An Iranian woman walks past a huge mural of Iran's flag, in the Enghelab (Revolution) avenue in downtown Tehran, September 12, 2023.
Morteza Nikoubazl/NurPhoto via Reuters

10: Under a new law passed Wednesday, Iranian women could be jailed for up to ten years if they refuse to wear hijab. The crackdown comes just days after the one year anniversary of the death of Mahsa Amini, who died in state custody after the morality police arrested her for not wearing hijab properly.

17: A group of 17 prominent authors are suing OpenAI, the company behind ChatGPT, accusing the company of “systematic theft on a mass scale.” The suit says ChatGPT has violated their copyright protections because it draws upon their texts to build its language models and responses.
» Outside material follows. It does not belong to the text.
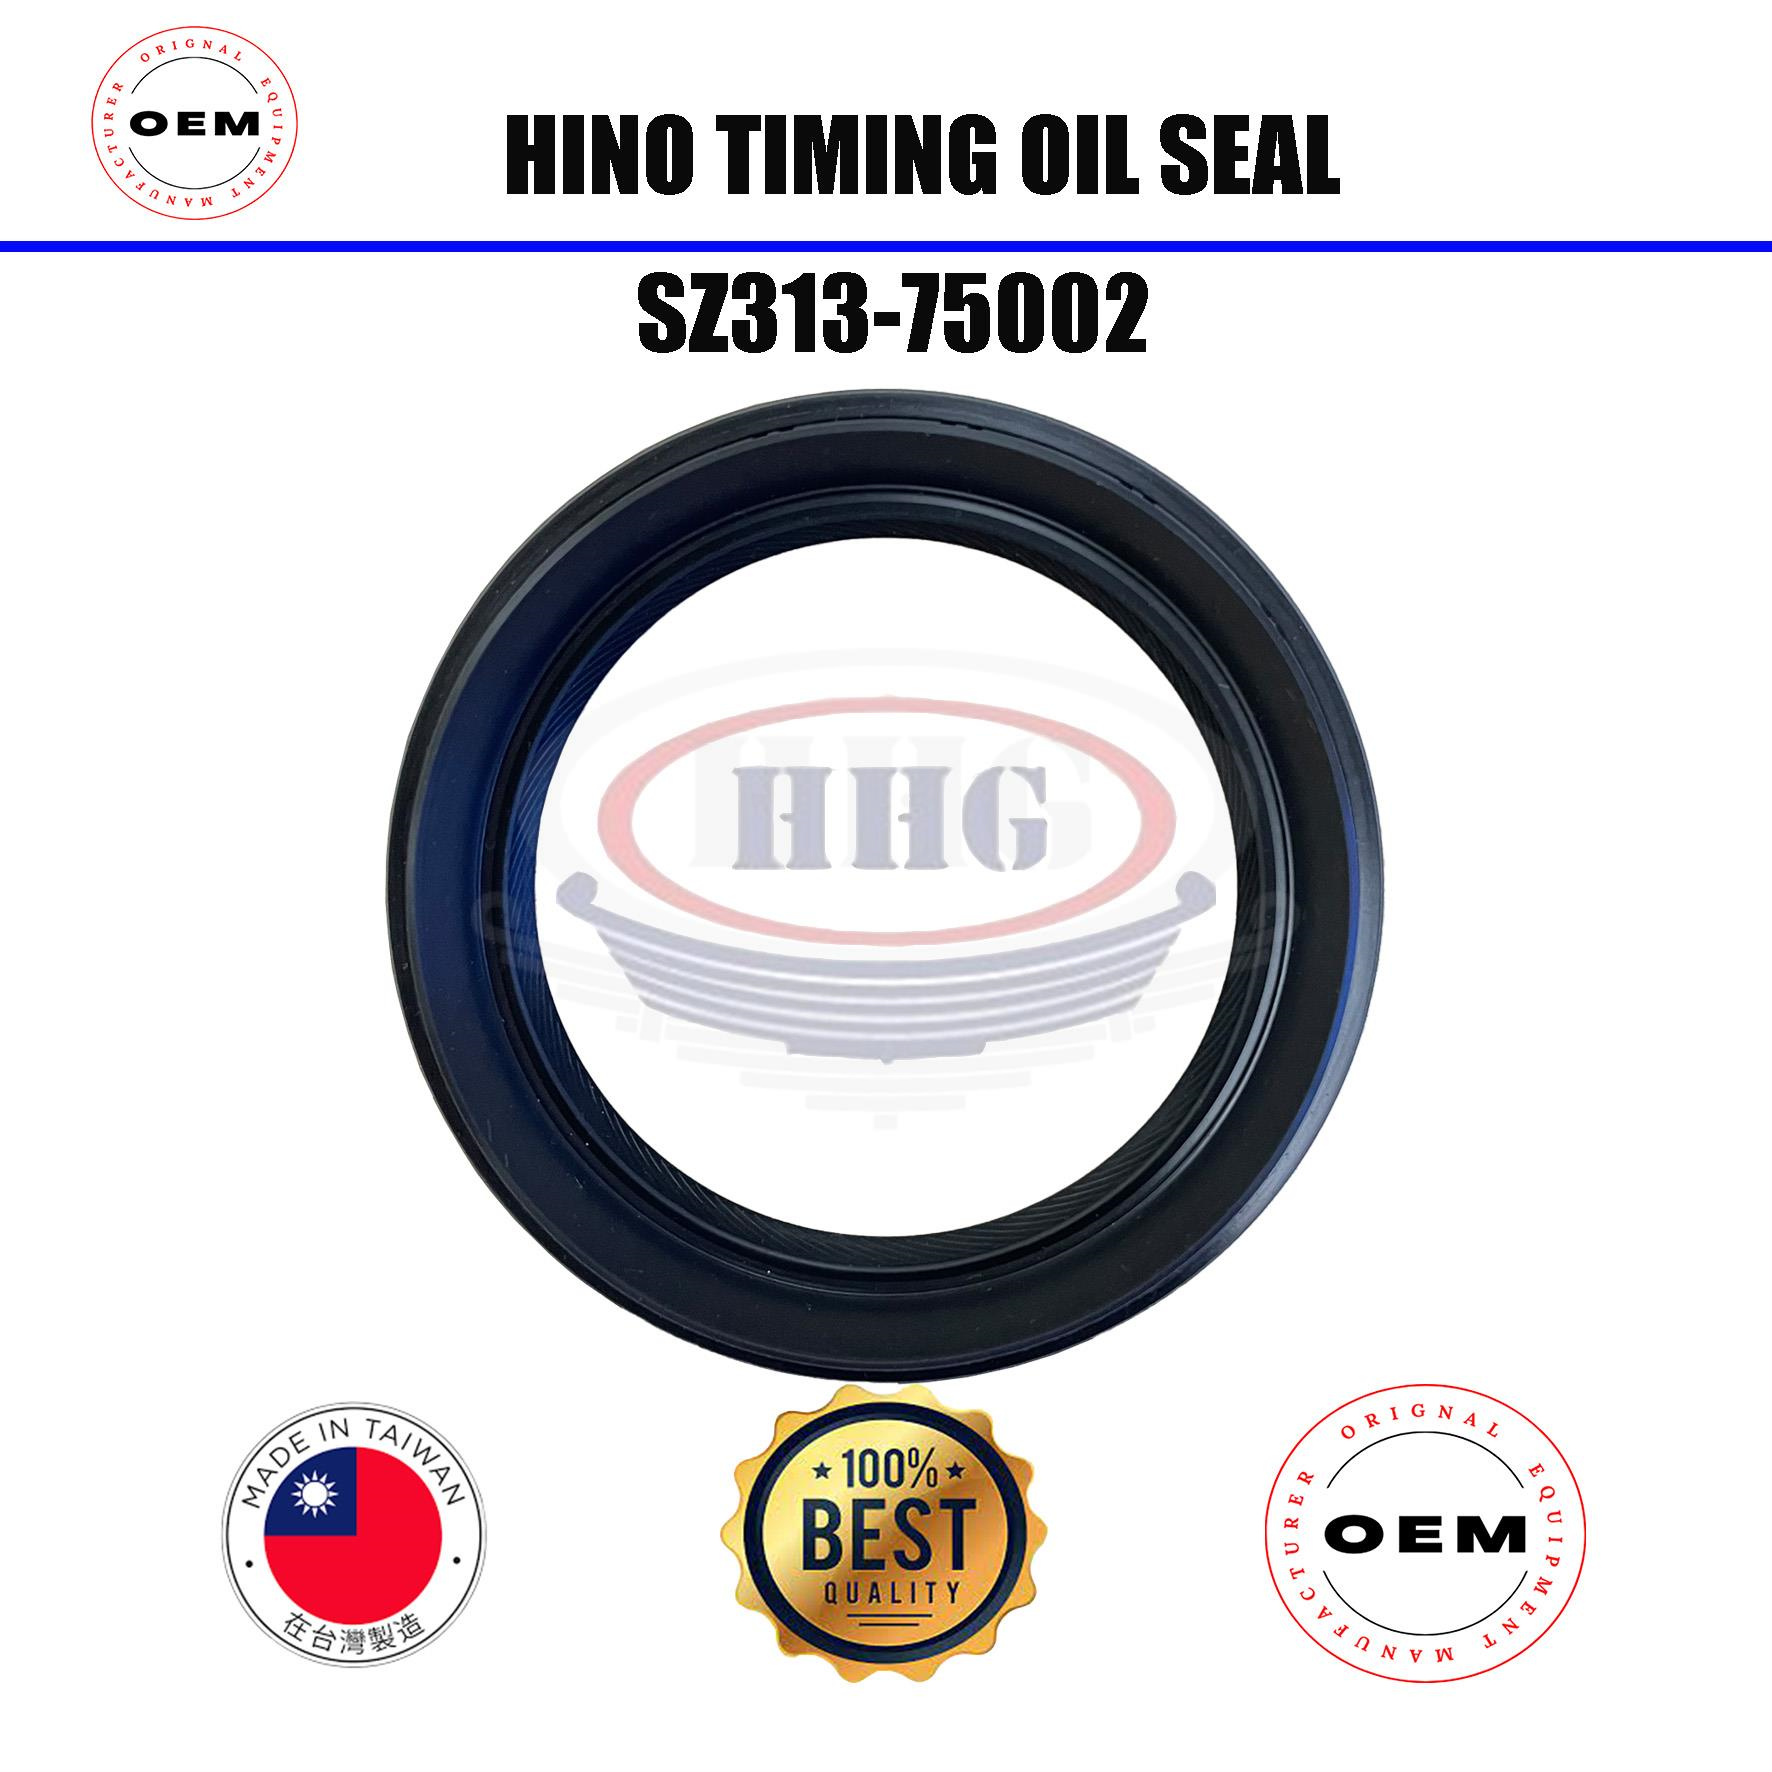 OEM Hino EM100 Timing Oil Seal (SZ313-75002)

The complaint also alleges that ChatGPT can be used to plagiarize them, and includes examples for each writer — including a Game of Thrones prequel called “Dawn of Direwolves”. (Can I read it? - Matt)

472,000: As President Joe Biden left the Big Apple late Wednesday, his administration announced that Venezuelans already in the country could legally live and work in the US for the next 18 months. The decision will affect 472,000 Venezuelans nationwide and roughly half of New York City’s migrants, letting them support themselves and easing the strain on New York’s social safety net. (For more on the situation in New York, see our explainer).

80,000: India announced it would suspend visas for Canadians amid the ongoing row over the assassination of Hardeep Singh Nijjar. Last year about 80,000 Canadians visited India. Should Canada reciprocate, it could threaten the visa status of over 320,000 Indian students in Canadian universities.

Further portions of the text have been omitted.